Medical Director – Woburn, MA
Reporting into the Chief Medical Officer, the Medical Director will be responsible for assisting the CMO in implementing the Replimune drug development strategy and will lead all aspects of individual drug programs. The Medical Director will provide clinical input on clinical protocol development, regulatory issues, patient enrollment to clinical studies, safety monitoring and review, biomarker development, implementation and analysis of data, manuscript writing and submission, and presentation of data at national and international meetings. This position will have both an inward and outward facing presence, including assisting the clinical operations team in the site evaluation and selection process for assigned clinical trials. The Medical Director will support investigator-related and investigator-initiated initiatives. The position will also have access to pre-clinical data and assist in the implementation of the biomarker strategy as well as interactions with strategic partners. The individual must have the ability to work independently and also as an effective and engaged team member in a fast-paced environment. Strong initiative and follow through are essential for this job. The ability to maintain confidentiality and to operate in the role with the highest of ethical standards and professionalism are required.
- Partner with the business development team to evaluate novel targets and platforms in the immuno-oncology space;
- Help develop the clinical strategy and integrated development plan for their oncology program, and work cross-functionally to implement, manage, interpret and communicate the results of clinical trials;
- Be responsible for the clinical content of all clinical and regulatory documents, including protocols, INDs, CTAs, investigator brochures, CRF’s, annual IND reports, CSR’s, ISS’s, ISE’s, and clinical expert reports;
- Lead and supervise clinical trials/registries, collaborating closely with the Clinical Operations team, and will be accountable for all deliverables of clinical trials under his/her direct responsibility;
- Serve as Medical Monitor and the Sponsor’s medical representative to multiple vendors and collaborators; CROs, PIs, core laboratories and other organizations involved in the implementation of clinical trials;
- Responsible for analysis of clinical data, including safety monitoring in collaboration with PV;
- Develop and maintain relationships and serve as the main medical liaison with key opinion leaders and PIs;
- Organize and present at relevant clinical advisory boards, DMC’s and medical/scientific meetings;
- Support R&D management and the commercial team with input on clinical development issues related to their commercial plan, and support the business development process by providing medical expertise for in- or out-licensing, partnering and acquisition activities;
- Help ensure Clinical Study Team compliance with FDA, EMEA, ICH and GCP guidelines and internal SOPs; and
- Travel, as needed, nationally and internationally.
- MD with Board Certification in Oncology or comparable training, and recognized expert within his/her field.
Experience and skill requirement:
- 5+ years of relevant clinical research experience with at least some in industry. Experience in the biopharmaceutical industry preferred; substantial experience working on industry-sponsored trials will be considered.

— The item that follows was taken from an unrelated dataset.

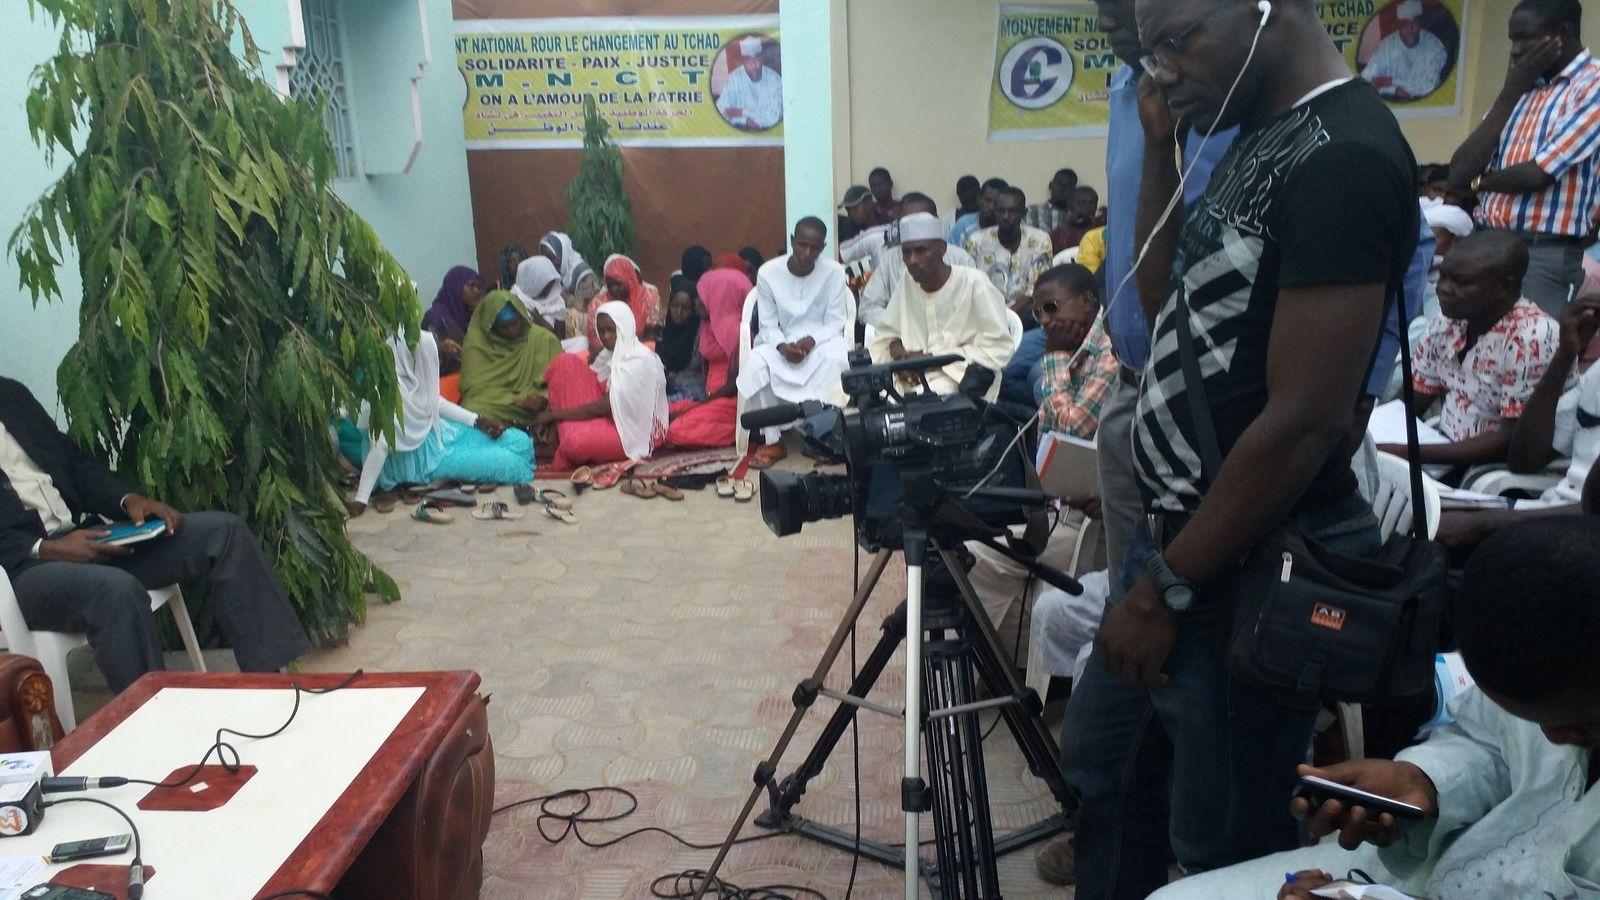 Après sa tournée en Europe, le leader du MNCT  face à la presse au Tchad

- Thorough understanding of Phase I-III drug development with proven ability to plan and conduct clinical trials, deliver high quality results within established timelines, interpret, analyze and communicate clinical/scientific data, and generate clinical/scientific documents.
- A demonstrated track record of success in your field, the capacity to lead with minimal supervision, plan strategically, achieve goals on time, and communicate effectively.
- Excellent written and verbal communication skills to meet the needs of varied audiences.
- Strong interpersonal skills commensurate with the need to work closely with partners, investigators, contractors, consultants, and team members across functions.
- Knowledge of FDA/EMA requirements, good clinical practices and pharmaceutical clinical development.
- Excellent analytical, problem-solving and strategic planning skills.
- Well organized with strong management, leadership, mentoring and motivational skills.
- Ability to work independently and thrive in a fast-paced environment.
- Attention to detail, demand for high-quality work, and sense of passion and urgency to achieve goals and improve the lives of patients.
EEO & Employment Eligibility:
Replimune is committed to equal opportunity in the terms and conditions of employment for all employees and job applicants without regard to race, color, religion, sex, sexual orientation, age, gender identity or gender expression, national origin, ancestry origin, disability or veteran status. Replimune also complies with all applicable national, state and local laws governing nondiscrimination in employment as well as work authorization and employment eligibility verification requirements of the Immigration and Nationality Act and IRCA.
Replimune, Inc. does not accept agency resumes unless contacted directly by internal Replimune Talent Acquisition.
Please do not forward resumes to our careers site, employees or any other company location of Replimune. Replimune will not be responsible for any fees related to unsolicited resumes.